Task prompt =>
An exact retyping of all lines below is the answer; pictures do not belong in it.

Available data =>
-=-=-
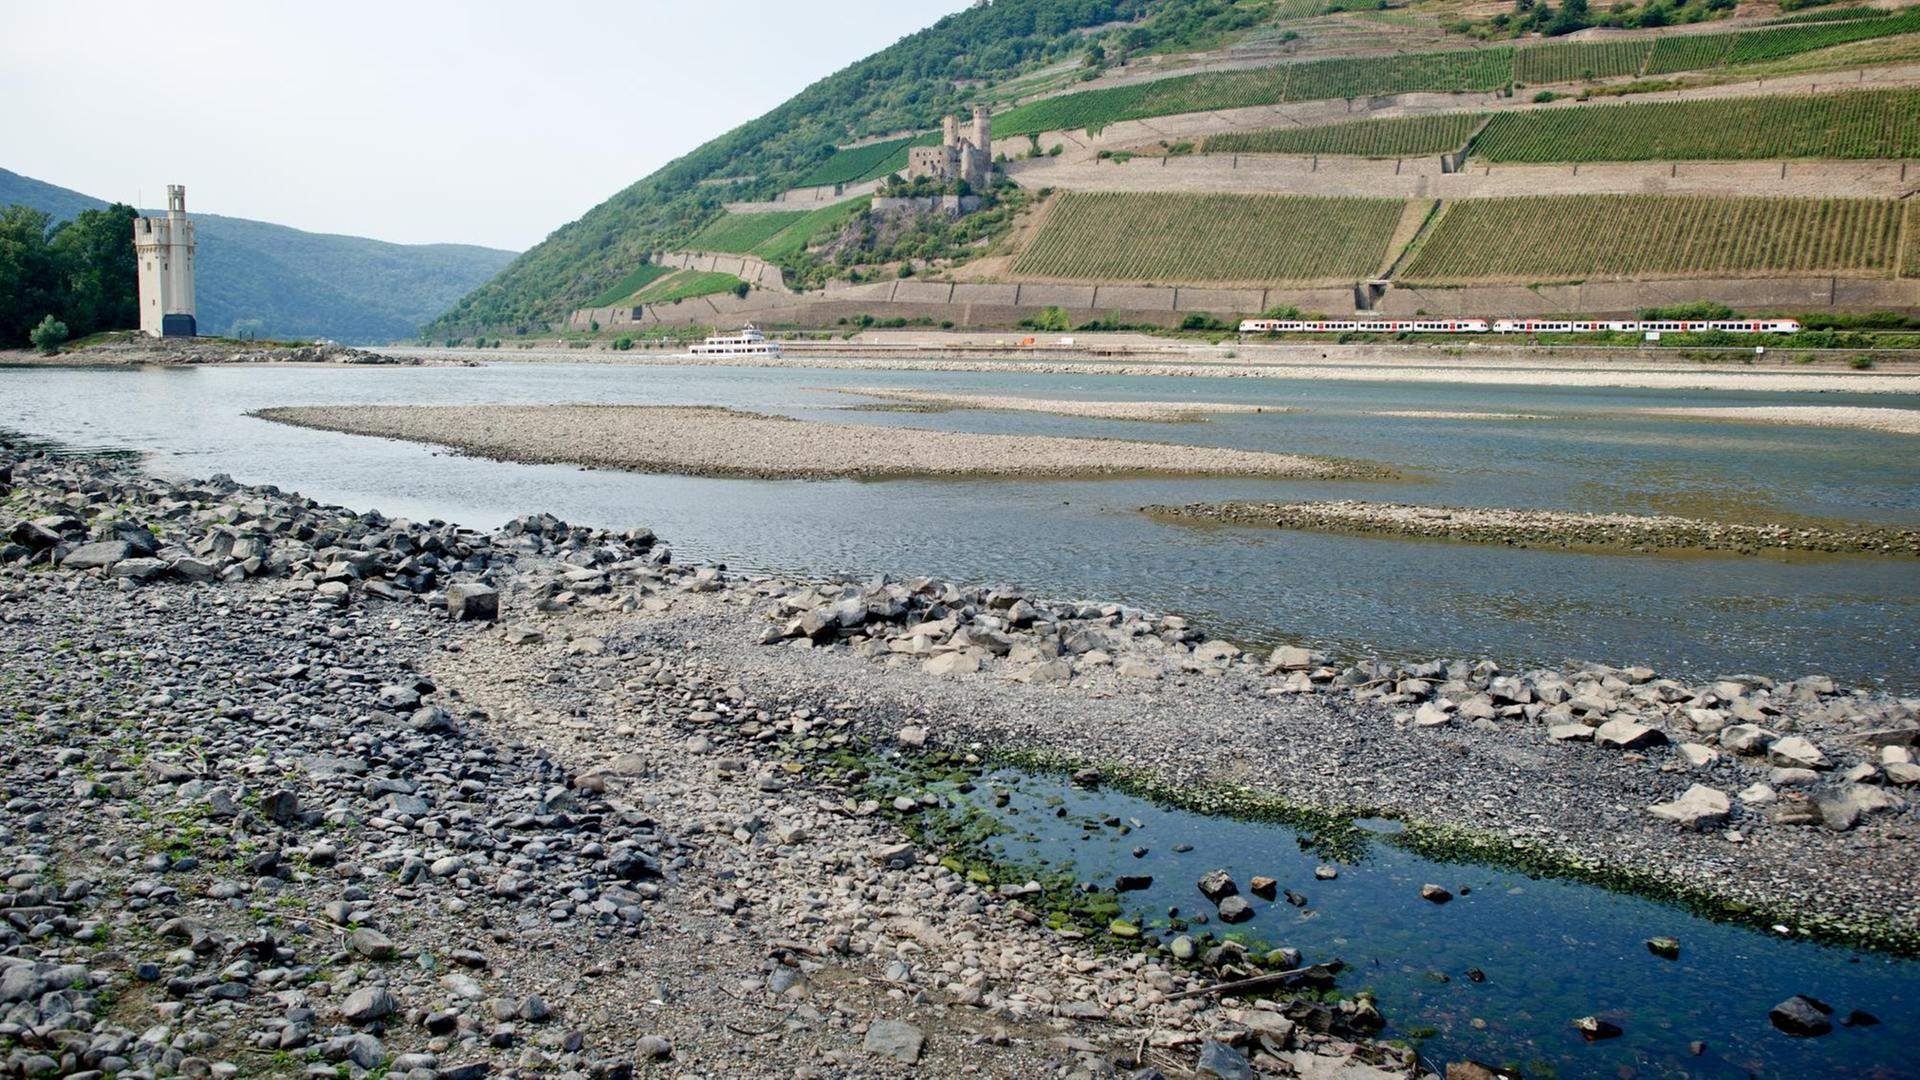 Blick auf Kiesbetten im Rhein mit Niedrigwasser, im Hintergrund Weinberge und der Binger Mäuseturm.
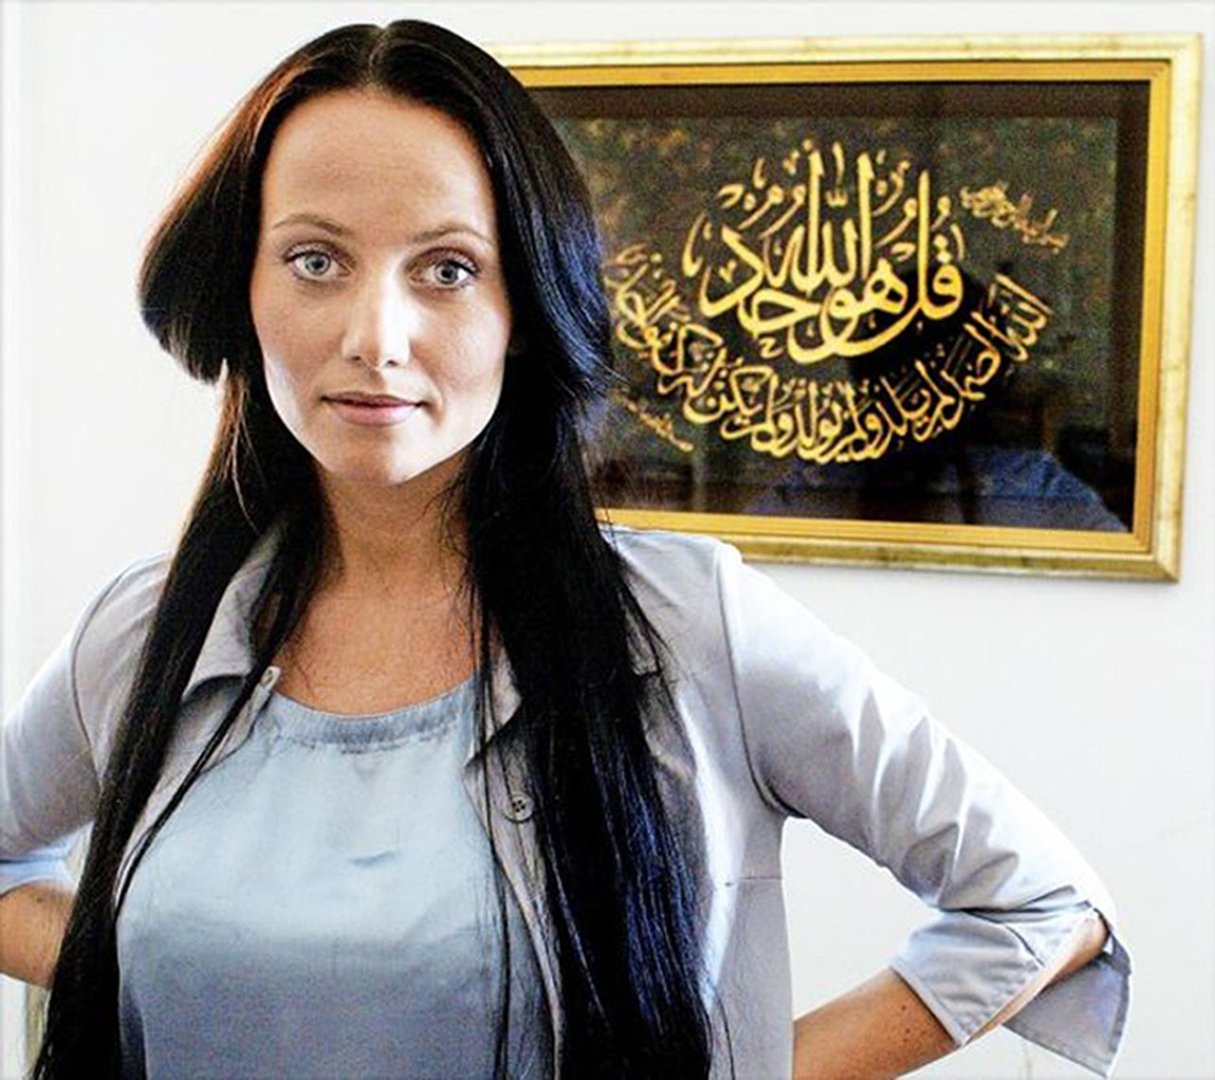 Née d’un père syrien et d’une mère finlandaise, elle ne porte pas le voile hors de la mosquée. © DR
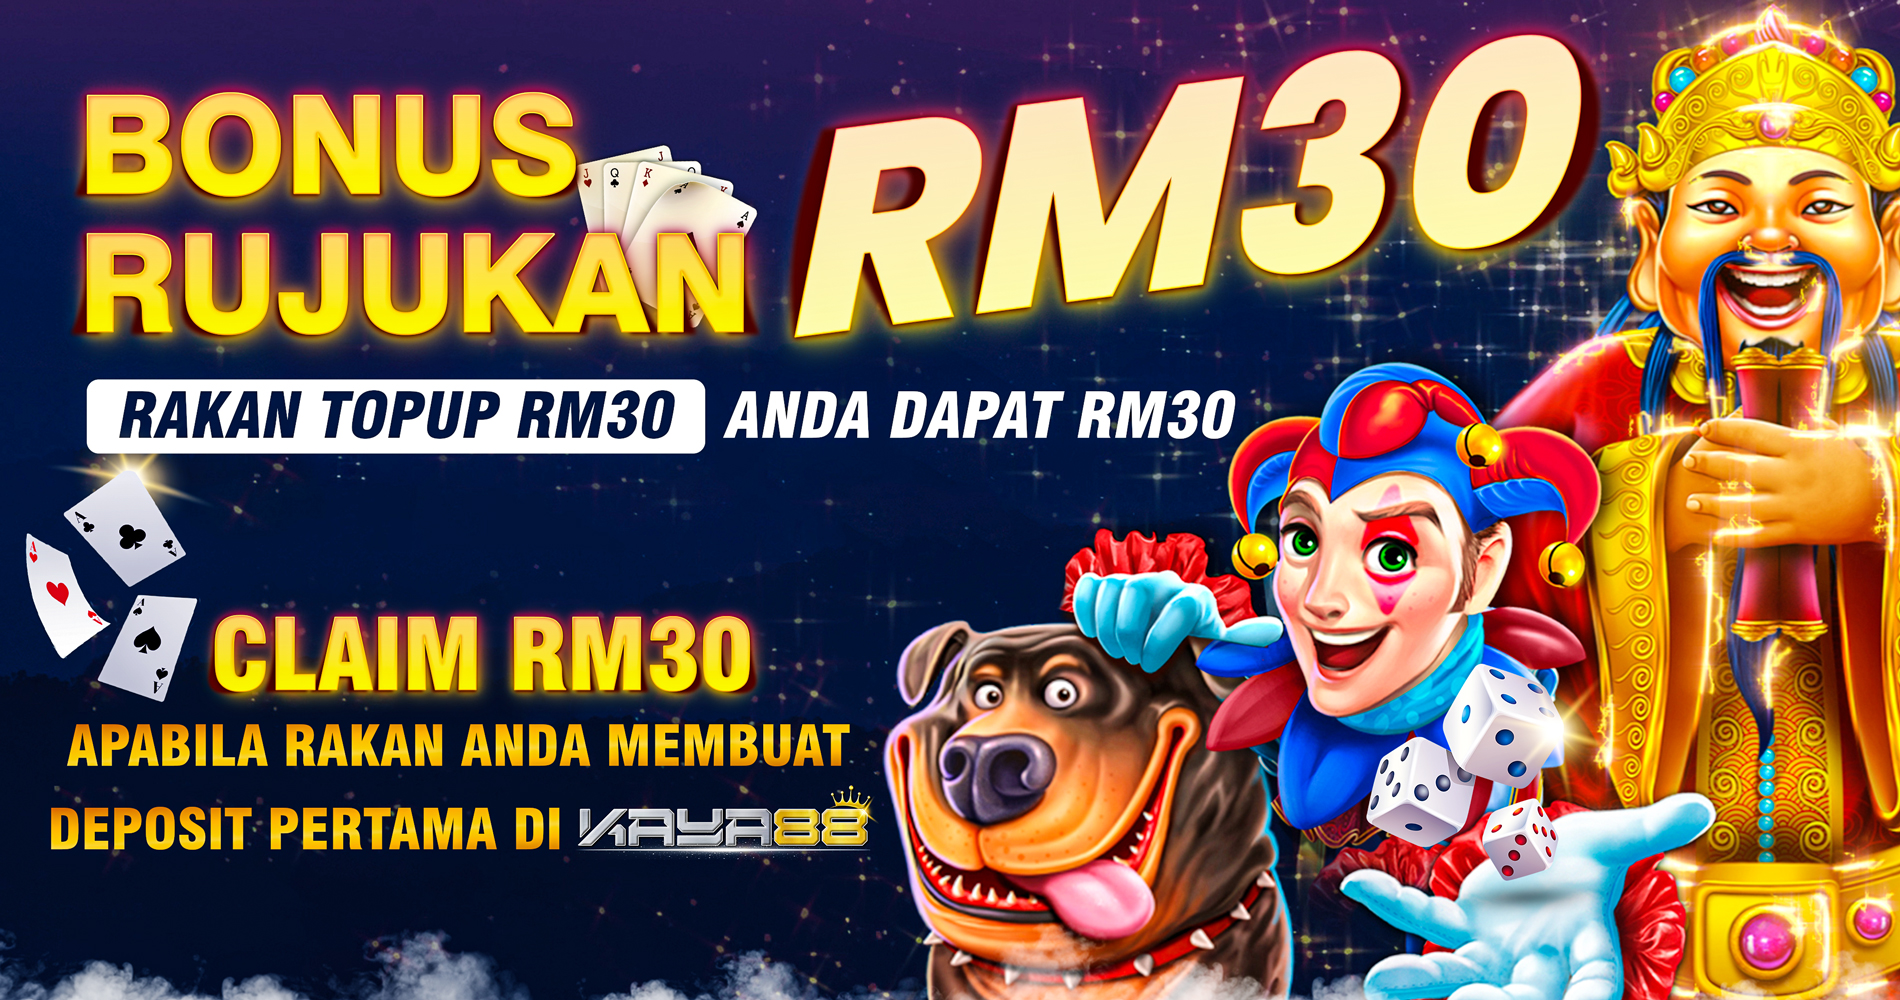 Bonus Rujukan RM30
-=-=-
Result =>
 Blick auf Kiesbetten im Rhein mit Niedrigwasser, im Hintergrund Weinberge und der Binger Mäuseturm.
 Née d’un père syrien et d’une mère finlandaise, elle ne porte pas le voile hors de la mosquée. © DR
 Bonus Rujukan RM30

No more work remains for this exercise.